Decoupling Reasoning and Confidence: Resurrecting Calibration in Reinforcement Learning from Verifiable Rewards
Abstract: Reinforcement Learning from Verifiable Rewards (RLVR) significantly enhances large language models (LLMs) reasoning but severely suffers from calibration degeneration, where models become excessively over-confident in incorrect answers.
Previous studies devote to directly incorporating calibration objective into existing optimization target.
However, our theoretical analysis demonstrates that there exists a fundamental gradient conflict between the optimization for maximizing policy accuracy and minimizing calibration error.
Building on this insight, we propose DCPO, a simple yet effective framework that systematically decouples reasoning and calibration objectives.
Extensive experiments demonstrate that
our DCPO not only preserves accuracy on par with GRPO but also achieves the best calibration performance and substantially mitigates the over-confidence issue.
Our study provides valuable insights and practical solution for more reliable LLM deployment.
Lay Summary: Modern AI systems trained with reinforcement learning are becoming increasingly capable at solving complex problems through reinforcement learning. However, these systems often become overly confident in their answers, even when they are wrong. This overconfidence is especially concerning in high-stakes applications such as healthcare, finance, and law, where users may rely on AI predictions without realizing their uncertainty.

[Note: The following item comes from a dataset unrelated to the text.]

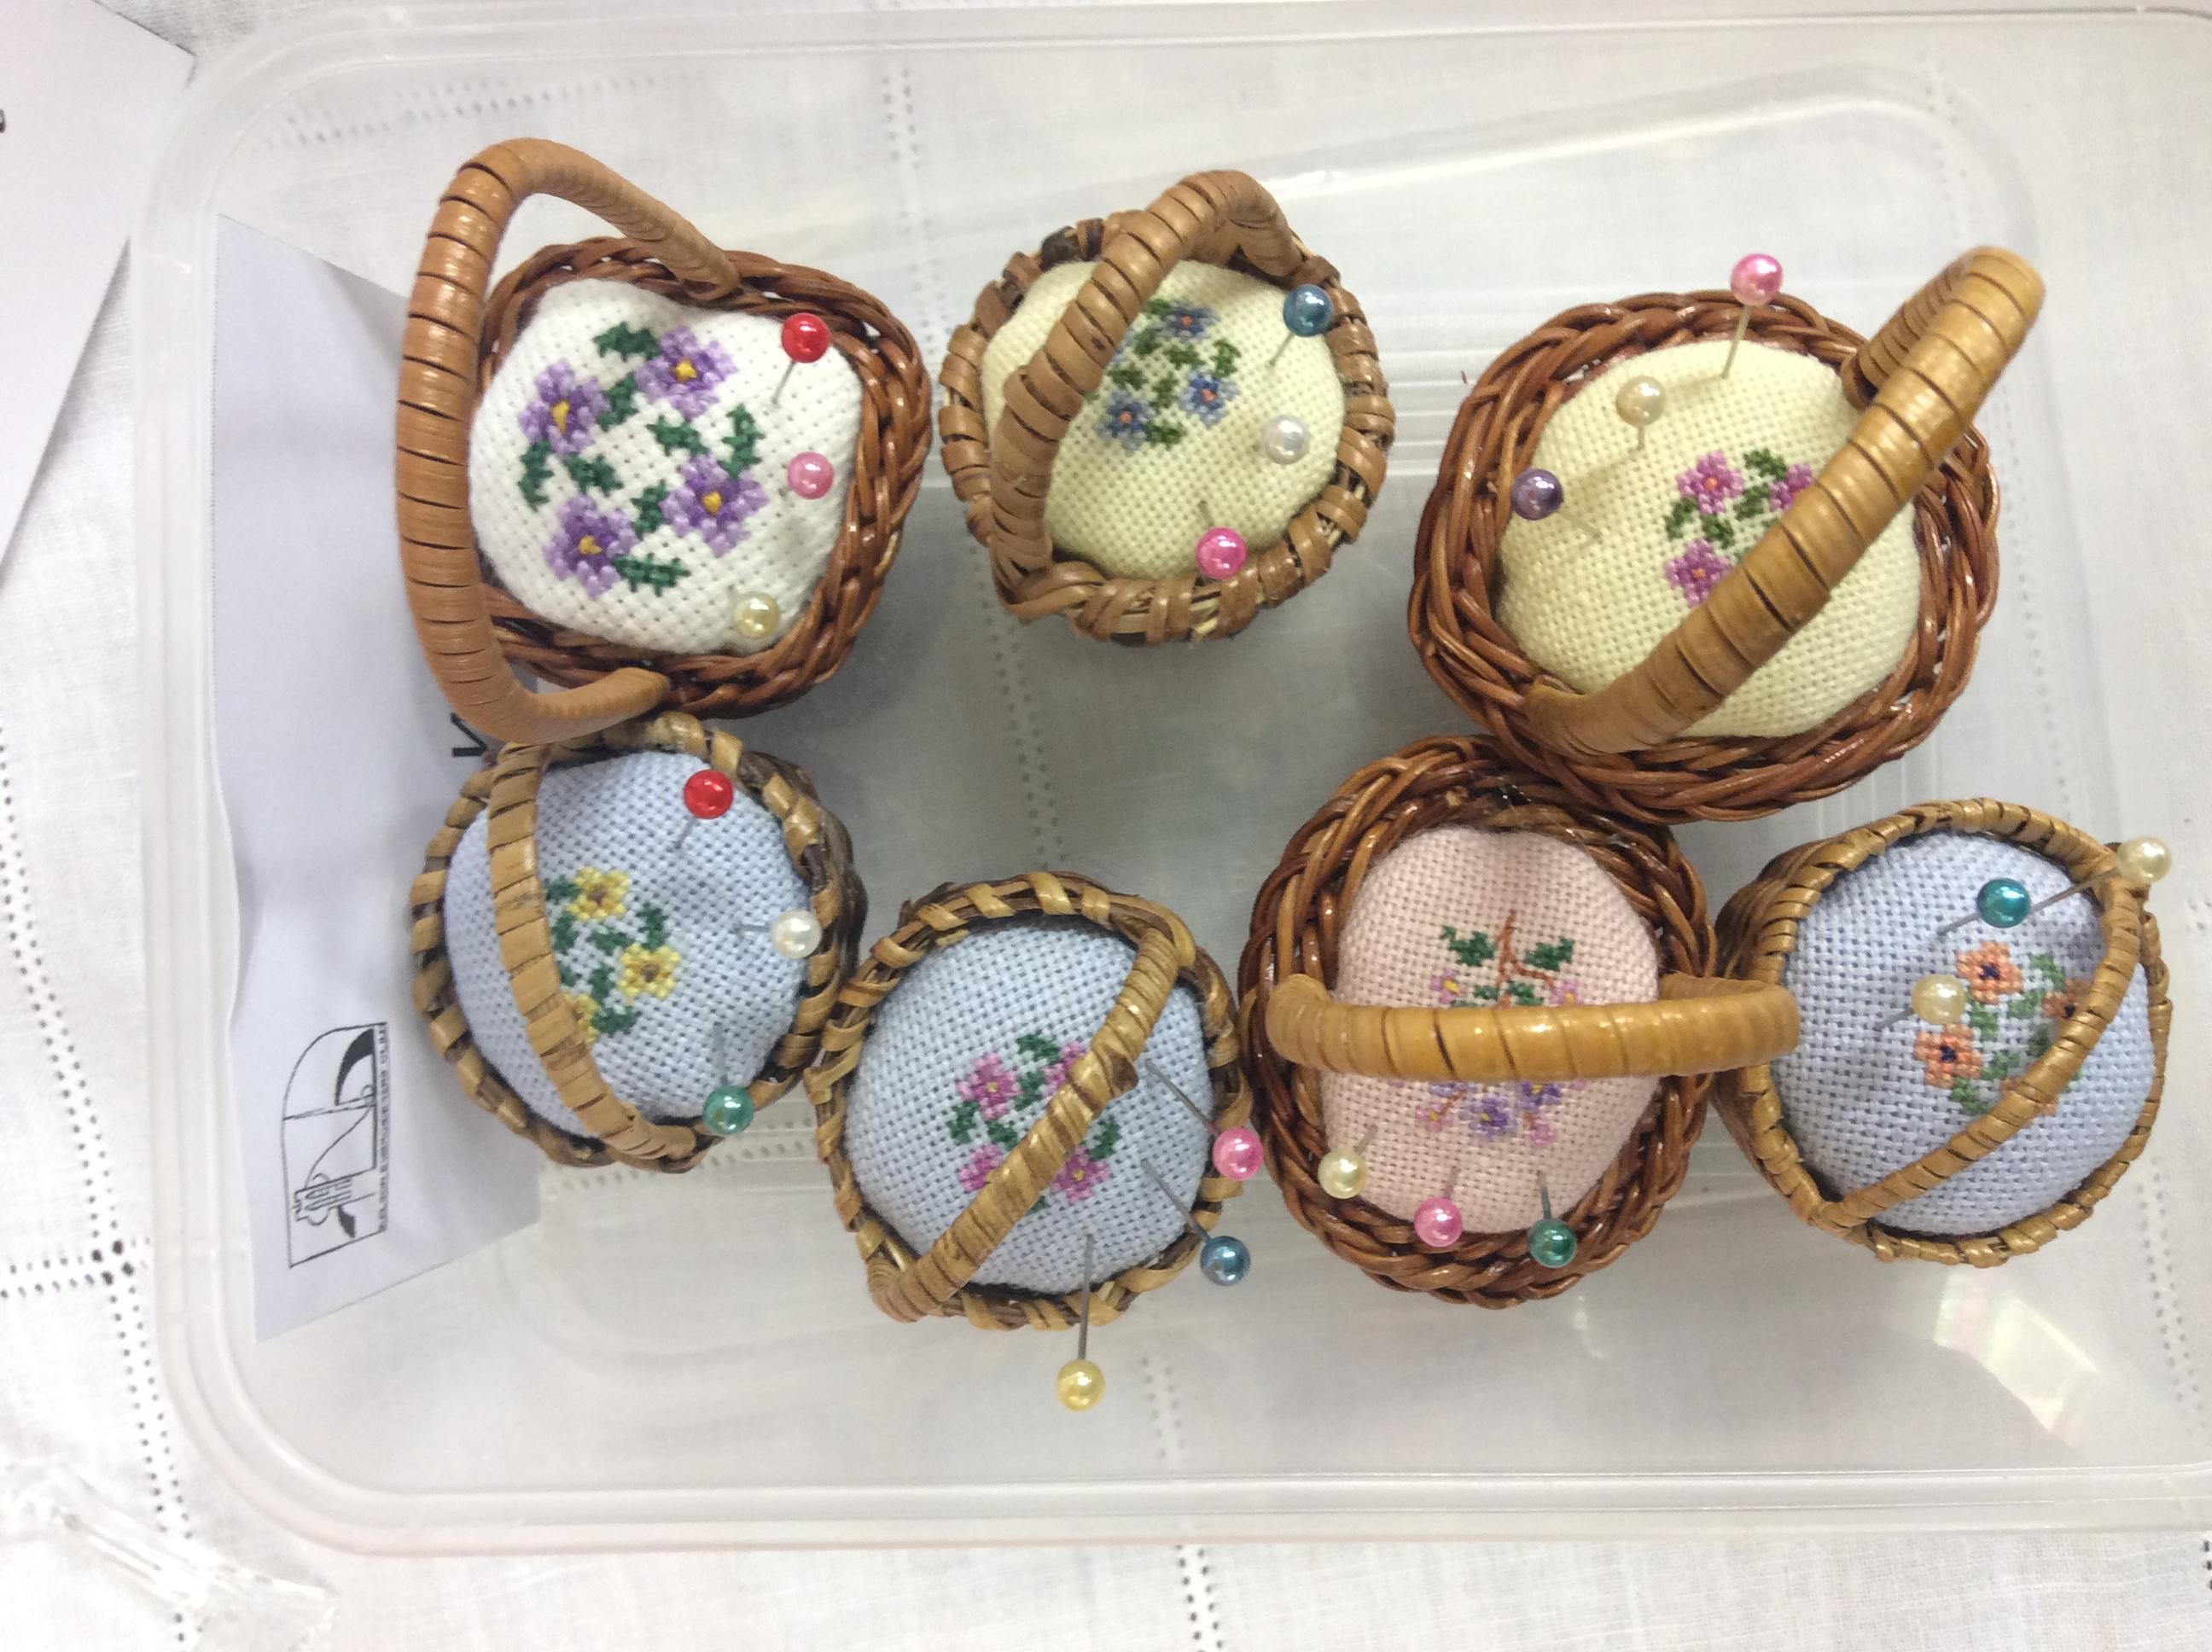 Floral pincushion baskets

In this work, we study why reinforcement learning causes this problem and show that improving reasoning accuracy and improving confidence reliability can directly interfere with each other during training. Based on this insight, we propose a new training framework called DCPO that separates these two objectives instead of optimizing them together.
Our method teaches models to generate both an answer and an explicit confidence estimate, while training reasoning and confidence signals independently. This allows the model to maintain strong reasoning ability while producing more trustworthy confidence estimates.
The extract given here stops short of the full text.